The Bank has access to a pre-approved line of credit up to approximately $15,000
and the capacity to borrow in excess of 30% of the Bank's total assets. In
accordance with an agreement with the FHLB, the Bank is required to maintain
qualified collateral, as defined in the FHLB Statement of Credit Policy, free
and clear of liens, pledges and encumbrances as collateral for the advances.
In addition, the Employee Stock Ownership Plan ("ESOP") borrowed $1,200 to
purchase 120,000 shares of the Bank's stock for the ESOP in conjunction with the
Bank's conversion from a Connecticut-chartered mutual savings bank to a
Connecticut-chartered capital stock savings bank, completed on June 25, 1996.
The shares in the ESOP were converted into shares of MECH Financial, Inc. on
January 1, 1998. At March 31, 1998 and December 31, 1997, this borrowing had an
outstanding balance of $720. The loan's final principal payment is due on
December 31, 2000. The loan carries an interest rate equal to the prime rate.
The Bank has fully guaranteed this borrowing.
NOTE 6 - EARNINGS PER SHARE
Earnings per share is computed based upon the weighted average number of shares
of common stock and common stock equivalents (if dilutive) outstanding during
the periods presented. Common stock equivalents consist of stock options
granted under the 1996 Director and Officer Stock Option Plans. In the earnings
per share calculation, the option exercise price for the options granted was the
market price at the time of the grant.
The weighted average shares outstanding totaled 5,221,585 and 5,194,000 for the
quarters ended March 31, 1998 and 1997, respectively. The effect of dilutive
stock options was 78,327 and 3,482 shares for the quarters ended March 31, 1998
and 1997, respectively.
NOTE 7 - RECENT ACCOUNTING PRONOUNCEMENTS
In June 1997, the Financial Accounting Standards Board ("FASB") issued Statement
of Financial Accounting Standards ("SFAS") No. 131 "Disclosures about Segments
of an Enterprise and Related Information" ("SFAS No. 131"). SFAS No. 131
requires public companies to report financial and descriptive information about
operating segments in annual financial statements and requires selected
information about operating segments to be reported in interim financial reports
issued to shareholders.
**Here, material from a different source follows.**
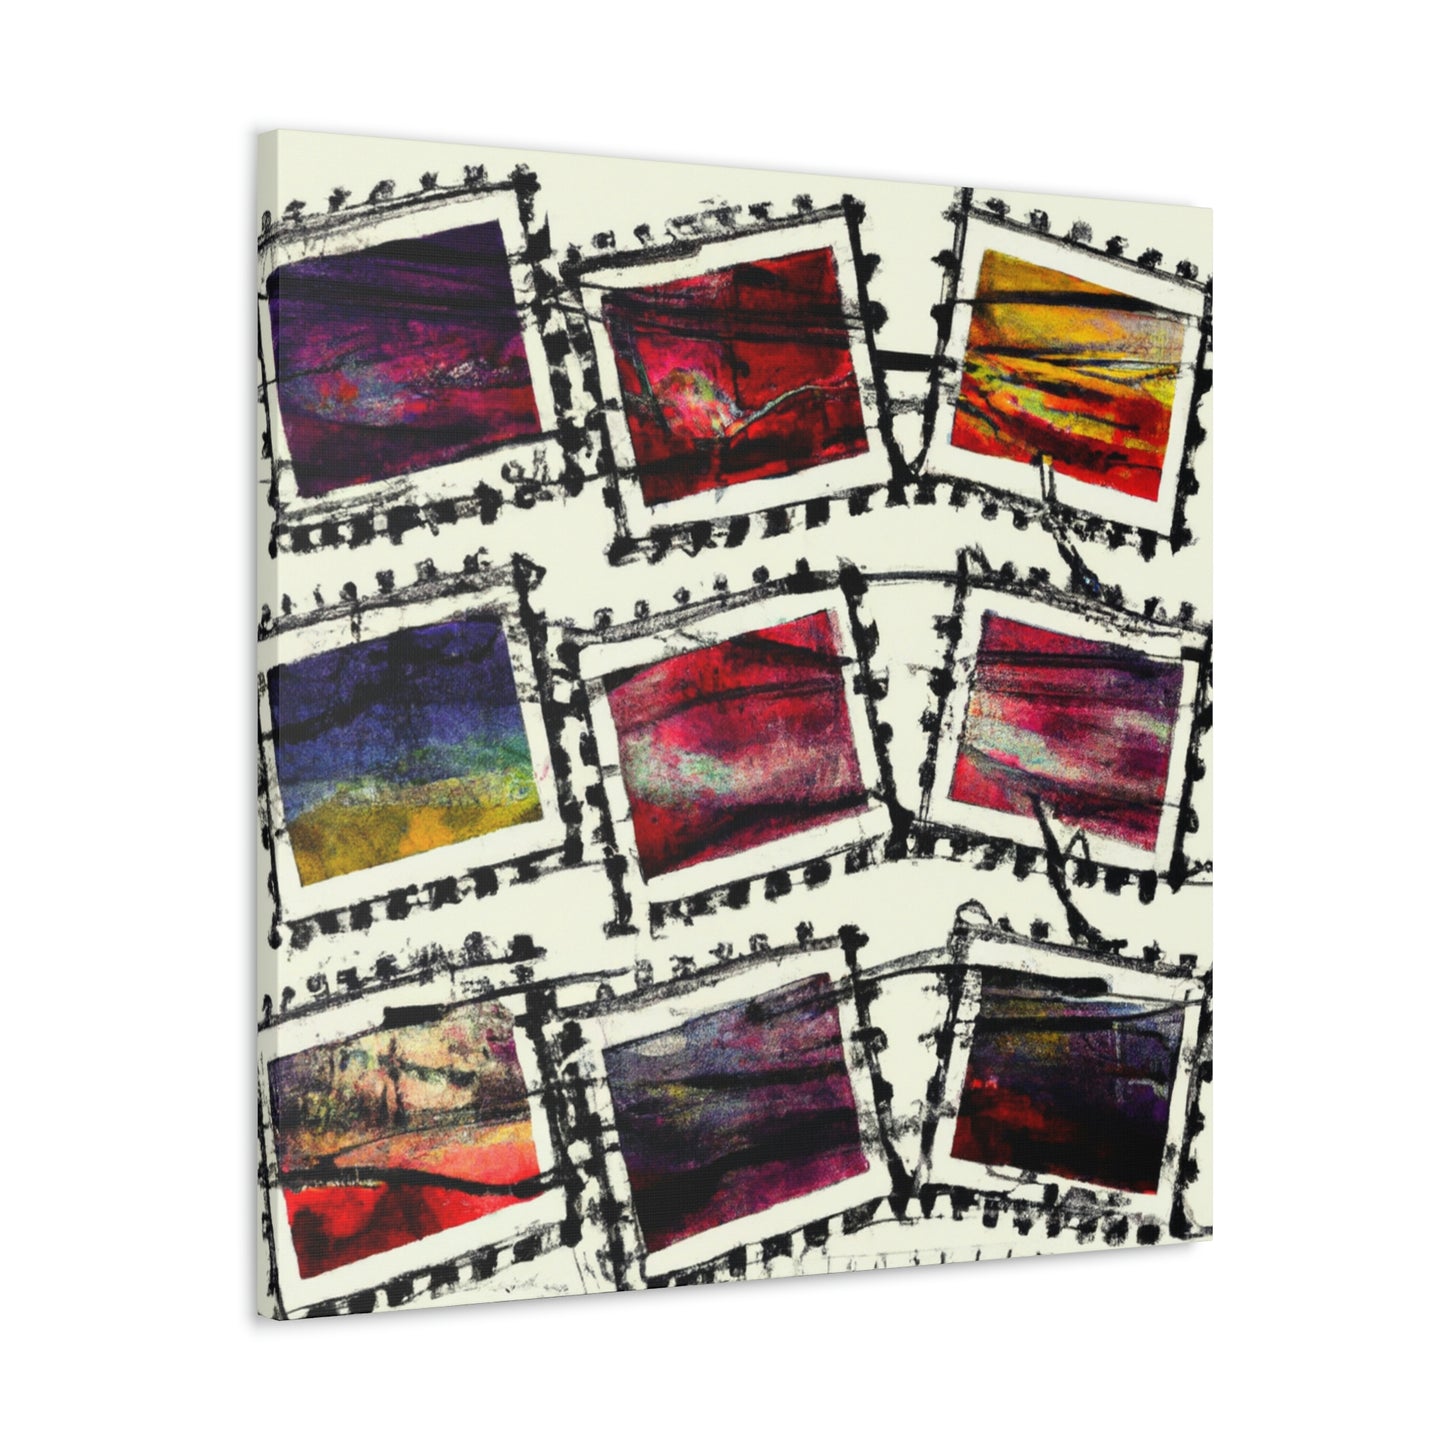 Global Postage Series - Canvas

Operating segment financial information is required to
be reported on the basis that it is used internally for evaluating segment
performance and allocation of resources. SFAS No. 131 is effective for
financial statements for periods beginning after December 15, 1997 and requires
presentation of comparative information for prior periods presented. This
statement does not apply to interim financial statements in the initial year of
application. The adoption of SFAS No. 131 is expected to impact the way the
Company reports information about its operating segments but specific
determination has not yet been made as to how this will be implemented.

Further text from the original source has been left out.